# is it safe to travel with a rabbit in the car for a long distance?



## benningtonjones (Sep 3, 2009)

my wife and i might be going to see my parentsand it is a 12 hour ride. so i was wondering would it be safe to take my rabbit with me or should i try to arrange someone to watch him while we are gone? my parents have not met their grand-bunny so i thought it would be nice for them to do so but i don't want to put my bunny in danger. thanks!


----------



## Hazel-Mom (Sep 3, 2009)

It should be perfectly safe, some people have taken buns on longer rides than that.
You'll need a safe carrier, of course, and if you can, I'd stop once in a while to check on bunny, and give her a chance to eat/drink/run around (if she accepts a leash, and you can find a safe place). When we took Hazel, we stopped at one of those rest areas along the highway, and found a nice quiet patch of grass to let her run around for a bit.

If your bunny has never been in a car, I would start her off with short rides, though, to get her used to it.


----------



## Korr_and_Sophie (Sep 3, 2009)

How long will you be gone? If you are only going to be there for a few days, I would not take the bunny. It is a lot of stress for the car ride, change of scenery and ride back. If you are staying for at least a week, if not longer, it would be better. Make sure to bring a cage/pen, toys, litter box, food and anything else your rabbit will need. 
I would prefer to leave the rabbit at home and hire a good pet sitter to come once or twice a day. 
If you do decide to take him, you need to get him used to being in the car and the carrier. Taking him to a pet store or pet friendly place can be good and you can see how he does in a new area.


----------



## Hazel-Mom (Sep 3, 2009)

*Korr_and_Sophie wrote: *


> How long will you be gone? If you are only going to be there for a few days, I would not take the bunny. It is a lot of stress for the car ride, change of scenery and ride back.


It all depends on the bunny, and how they deal with changes. We have always taken Hazel (and while she was with us, White Chocolate too) with us on trips, even camping.
They were perfectly fine, but, they were used to car rides from the beginning.

For both Hazel and White Chocolate it would have been more stressful to be left behind, in the hands of strangers, on the other hand.

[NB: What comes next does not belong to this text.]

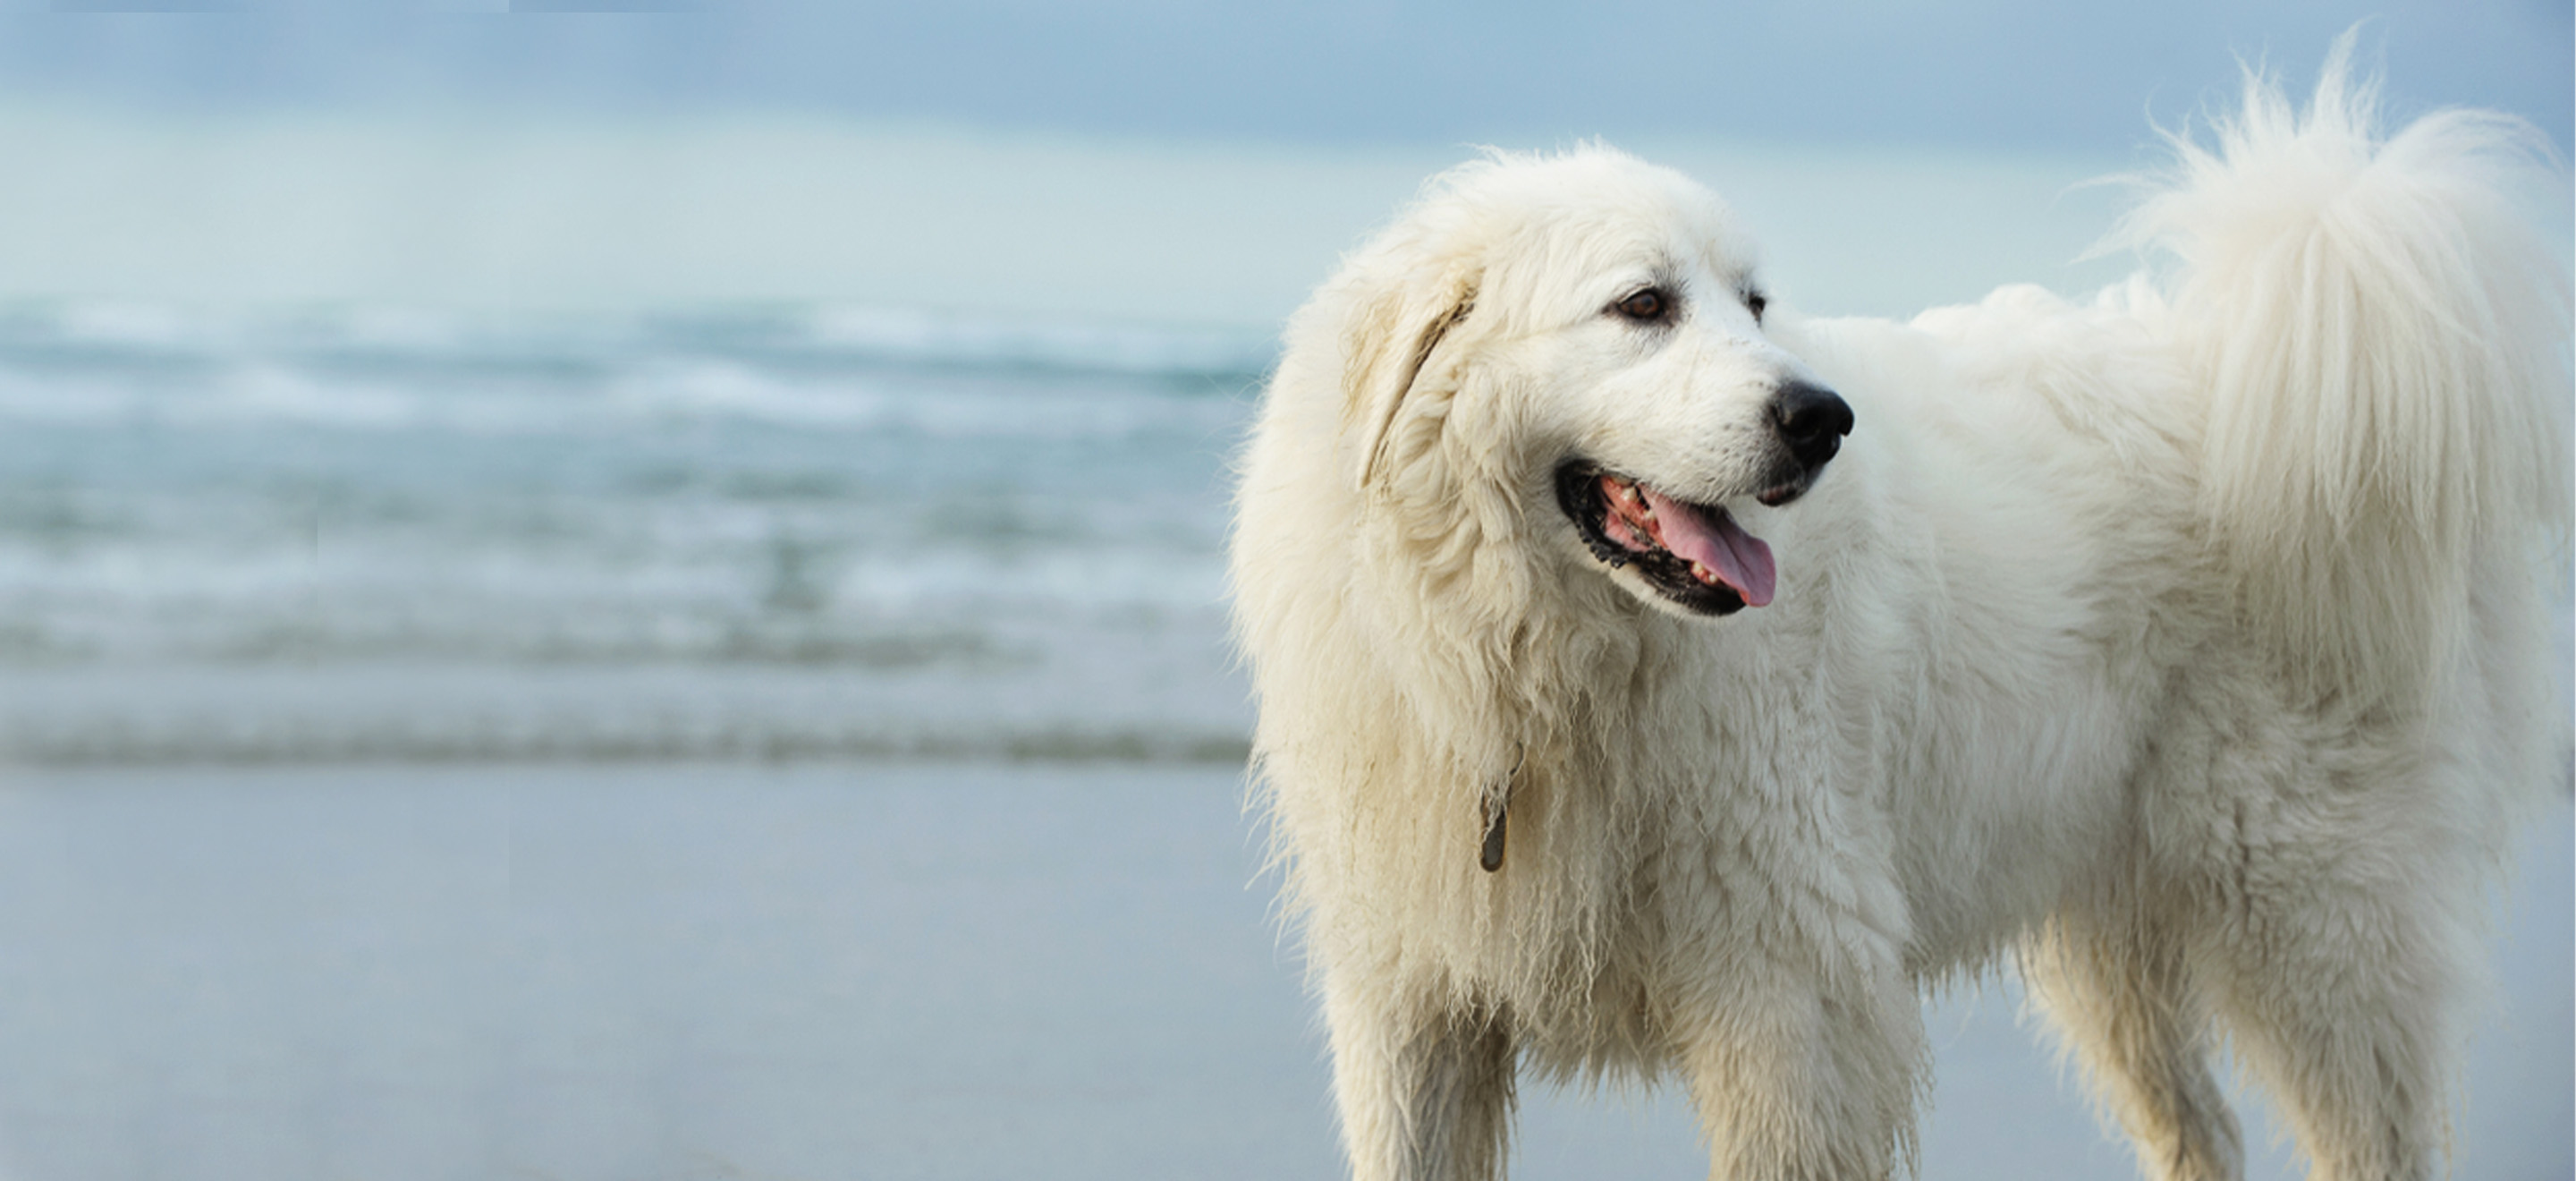 Great Pyrenees pup at the beach image

They were both "single" buns, but very bonded to their humans. So for them, it was more important to be with their family, than where they were.


----------



## ijRoberts (Sep 3, 2009)

This is a great thing to bring up, since I am going to my parent's house for the long Labor day weekend and was debating on whether or not to take Jake with me. 

The car ride will only be about 2 1/2 hours, so I don't think that's *too* bad, plus he's also still very young (only about six weeks now), so that should make it easier to him being accustomed to it. I'd like to be able to take him with me whenever I go there (I go there about once a month).

I'm going today to Petco to see if I can find a smaller "traveling" cage for him that will fit in the backseat of my car, but is big enough to hold all his things he'll need for a weekend getaway.

It's nice to hear that there are bunnies out there that like to travel. I'm just crossing my fingers that Jake is one of them! He seems very curious about everything, so hopefully he'll like checking out new locations. =)


----------



## BlueGiants (Sep 3, 2009)

We take our rabbits to shows all the time. They are in their carriers anywhere from a few hours up to 12 hours and they handle it just fine. As long as the temperature is good and they are comfortable in their carrier, we've never had a problem. I do not let them travel with toys, bowls or water bottles, because I'm worried about them getting hurt if I have to swerve or step on the brake hard. They are on hay, so they can munch on that. Formost trips, I usually give them apple slices for moisture, in between stops for water. 

A very good rabbit judge once told me to always put the rabbit infacing a side door, not frontor back. Because when they are facing frontwards or backwards, they could break a nail or hurt themselves "diggin in" when you brake or speed up. It's a natural reaction to forward motion.They think they are going to fall. But facing the side, they sway with the motion of the car more easily and relax a little more. 


editted to add: We also carry a puppy "Xpen"...a folding exercise pen, incase I need to confine them to an area.


----------



## laurabeth (Sep 3, 2009)

so... if I were to visit my in laws for just like 3 days I should leave buddy at home? with a pet sitter (we have a good one) BUT if I go for a week I should bring her? OR should I just try it once and see how it goes? She/he seems to be very attached to us, she did fine once so far with a pet sitter for 6 days, but I just thought i'd ask since it's here. Good Question!!!!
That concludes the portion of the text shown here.